Get taught a mature approach to design

In Melbourne we have something called the Moomba Birdman Rally. Locals build light aircraft and try to achieve flight by leaping off a ledge into the river. They are not successful. There are extremely well established principles that govern flight. My colleague Lachie Price tells me that while it is not fully understood why these principles work, they are quite reliable. In my mind, those are the best type of principles (empirical ones).

There are principles to code that are important to abide by. They are often old and well established. They tend to work well. If everyone abides by them, we all get along.

Advanced Python uses a package called Cookiecutter, which can create new project directories with certain templates. Cookiecutter templates are amazing. They are a great example of the nudge concept:

A nudge, as we will use the term, is any aspect of the choice architecture that alters people's behavior in a predictable way without forbidding any options or significantly changing their economic incentives. To count as a mere nudge, the intervention must be easy and cheap to avoid. Nudges are not mandates. Putting fruit at eye level counts as a nudge. Banning junk food does not. - wikipedia.

In Advanced Python, you can do things in almost any way you want. But do you really want to?

Two roads diverged in a wood, and I—I took the one less traveled by,and the app was unsupported and buggy.

Two roads diverged in a wood, and I—

I took the one less traveled by,

and the app was unsupported and buggy.

Disciplined environment/package management

Speaking of mature design, there is a big problem with python where the working environment gets way too messy (no, I’m not going to show the bloody cartoon!). Moreover, packages that you are installing afresh will sometimes conflict with each other, and when you are importing heaps of packages, this can cause massive problems. For instance, since NumPy 1.19.4 causes some bugs on windows, then you’d better hope that your packages don’t settle on that version of numpy as their dependency because your app will suddenly spit the dummy.

Scott had us creating a new virtual environment for every project, which can be activated seamlessly and populated with packages from scratch so it’s easy to deploy. In hindsight, I don’t know why I didn’t do this for every project I’ve worked on.

Oh yeah, because I would have had to use the command line... 

Me, using the command line to do literally anything in 2019.

Me, using the command line to do literally anything in 2019.

Use of git, conventional commits, and facilitating collaboration

Ok, the use of git in this subject is heavy. My use of Git is pretty straightforward, but I am strict about it. If keeping good git commits is like cleaning your room, then call me Jordan Peterson. 

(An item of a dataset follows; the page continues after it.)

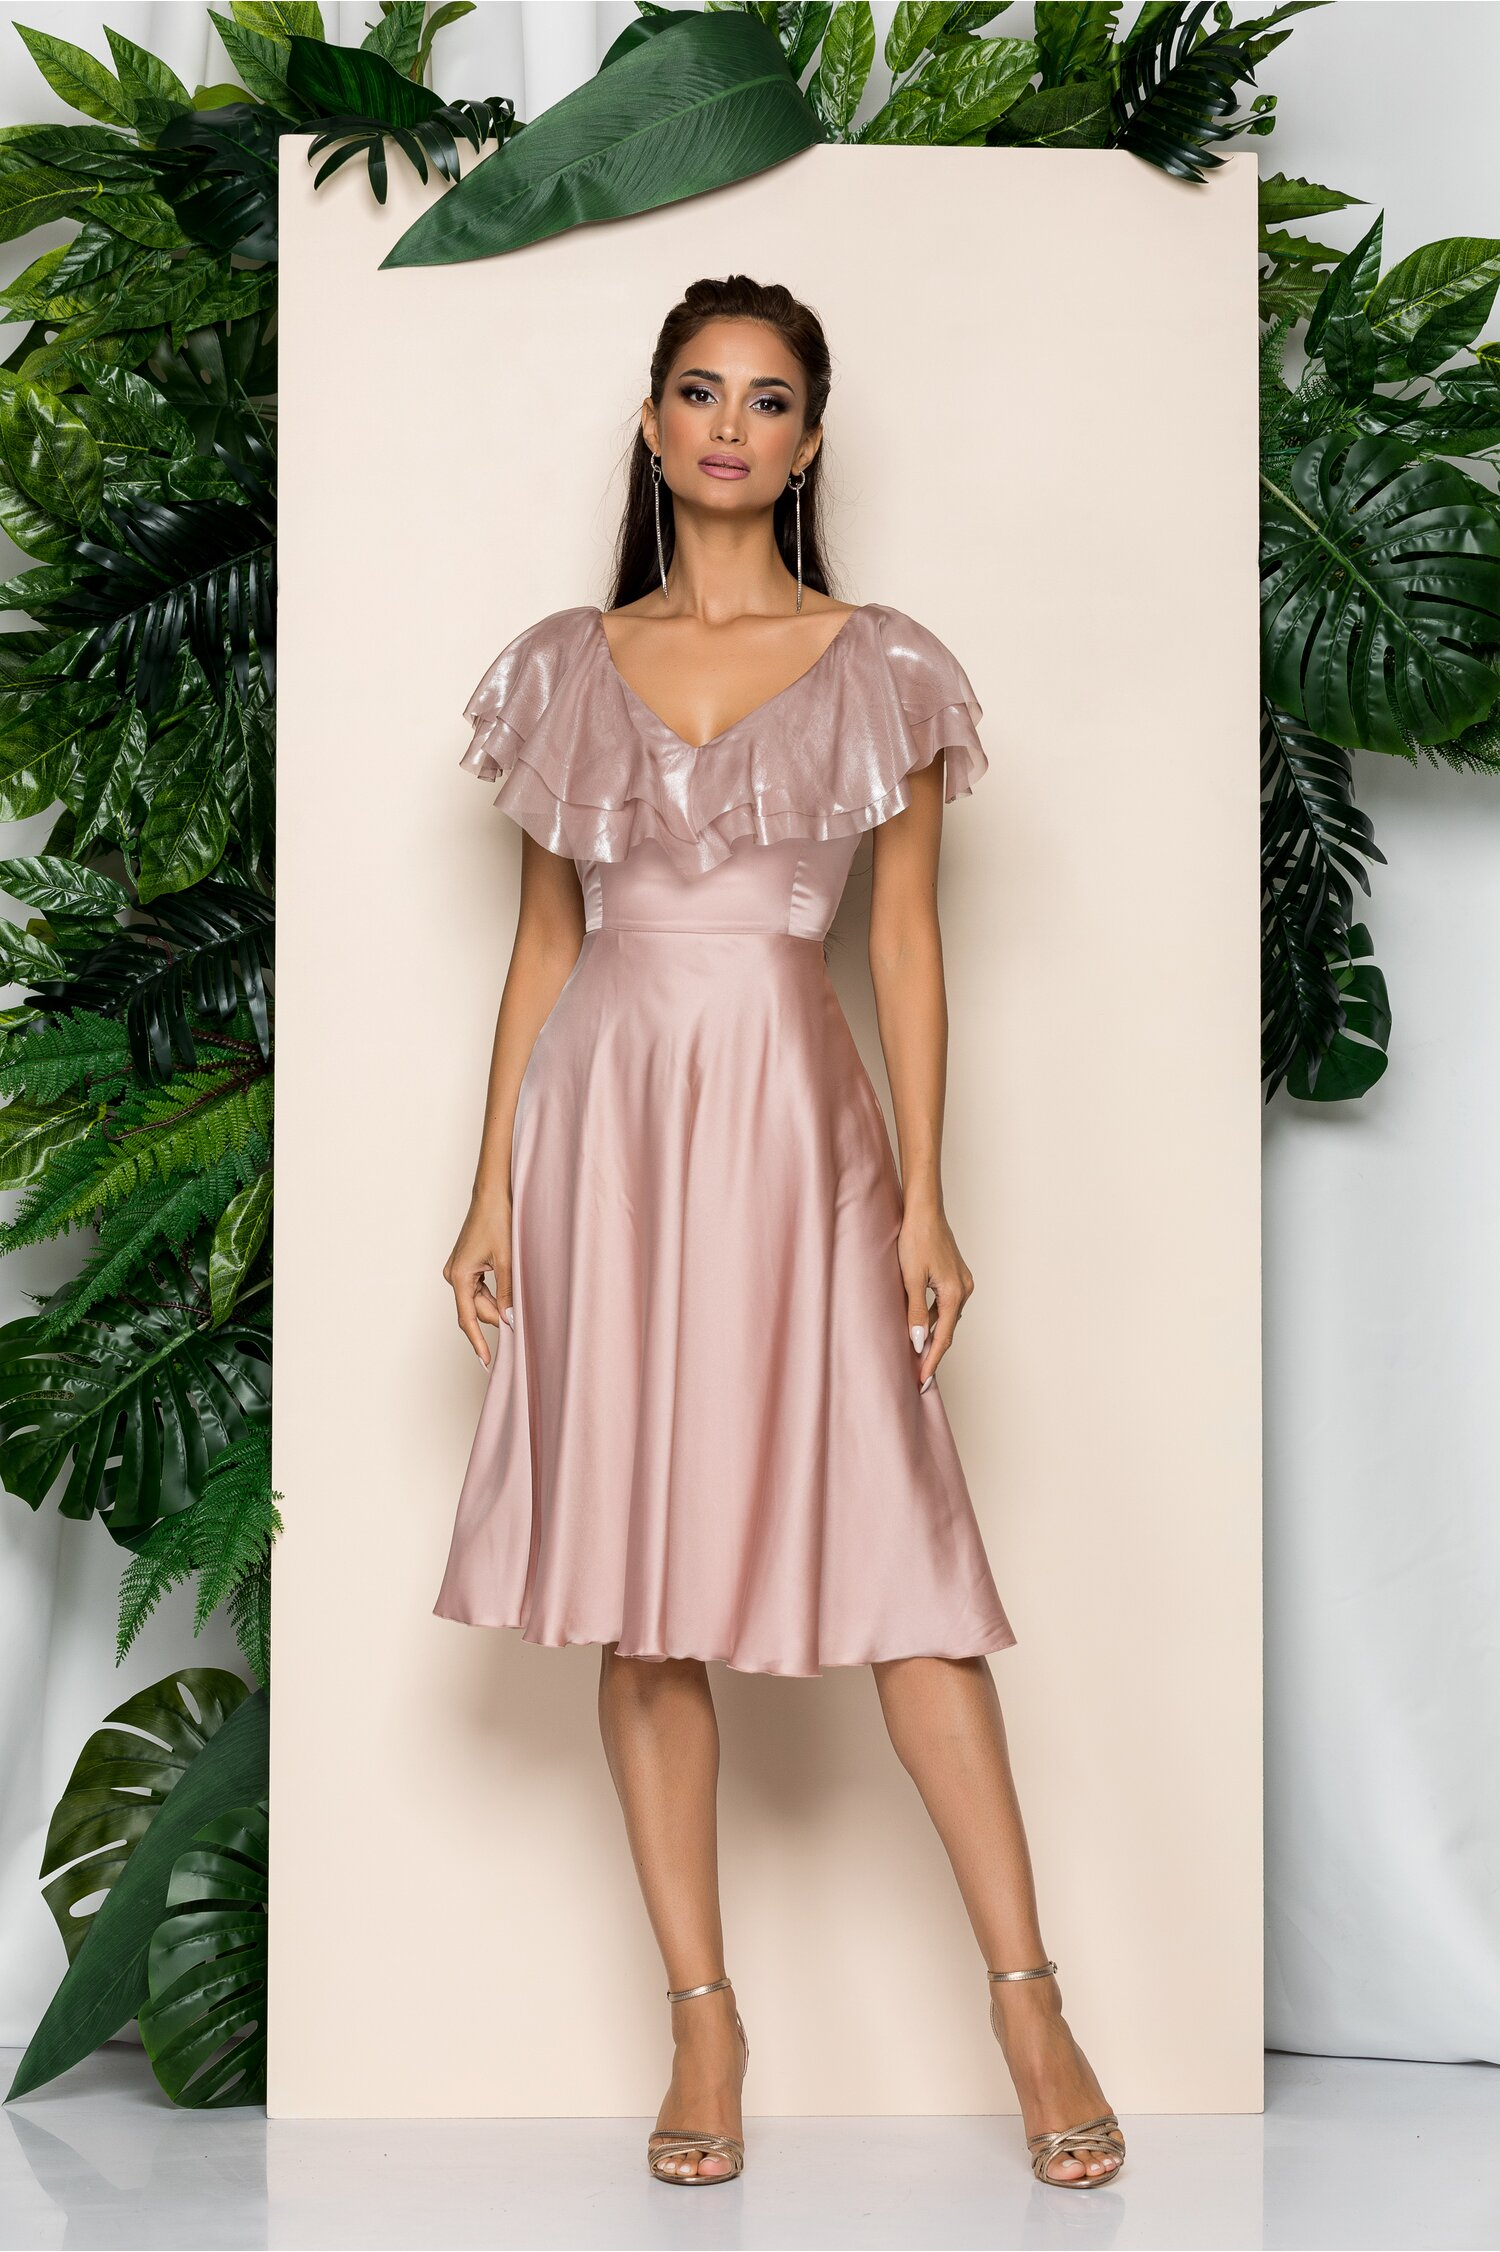 Rochie Leonard Collection roz cu volanase la bust si cordon in talie

Oops, sorry, mask-off for a second there.

Oops, sorry, mask-off for a second there.

Focus on continuous integration

So, since we’re doing virtual environments, it’s only a skip, step, and a jump to deploying, which we test via Travis builds. Scott had us sticking a Travis build badge on all our repositories to show that our build is at least setting itself up successfully. We also ran pytest and coverage on travis to indicate that our testing is appropriate.

Letting that build badge go red (failing build) is a little like towing your car to a car show.

Like, yeah, looks good.

But did it ever run?

It’s also turned me into a real hardarse on my own projects. I’m so thirsty for that working build I’ll often tell collaborators to create a dummy function just to get the module to run. At the end of the day, writing is easy, deploying is hard.

So we make deploying a priority.

Amazing peer review from other students

As part of Advanced Python you mark others’ work and they mark yours.

Now I don’t know what kind of Silicon Valley float tanks the HES admissions advisors unsealed to recruit for this subject, but whoever they dragged out of that epsom-salt rich plasma is way too smart to be studying in this course. 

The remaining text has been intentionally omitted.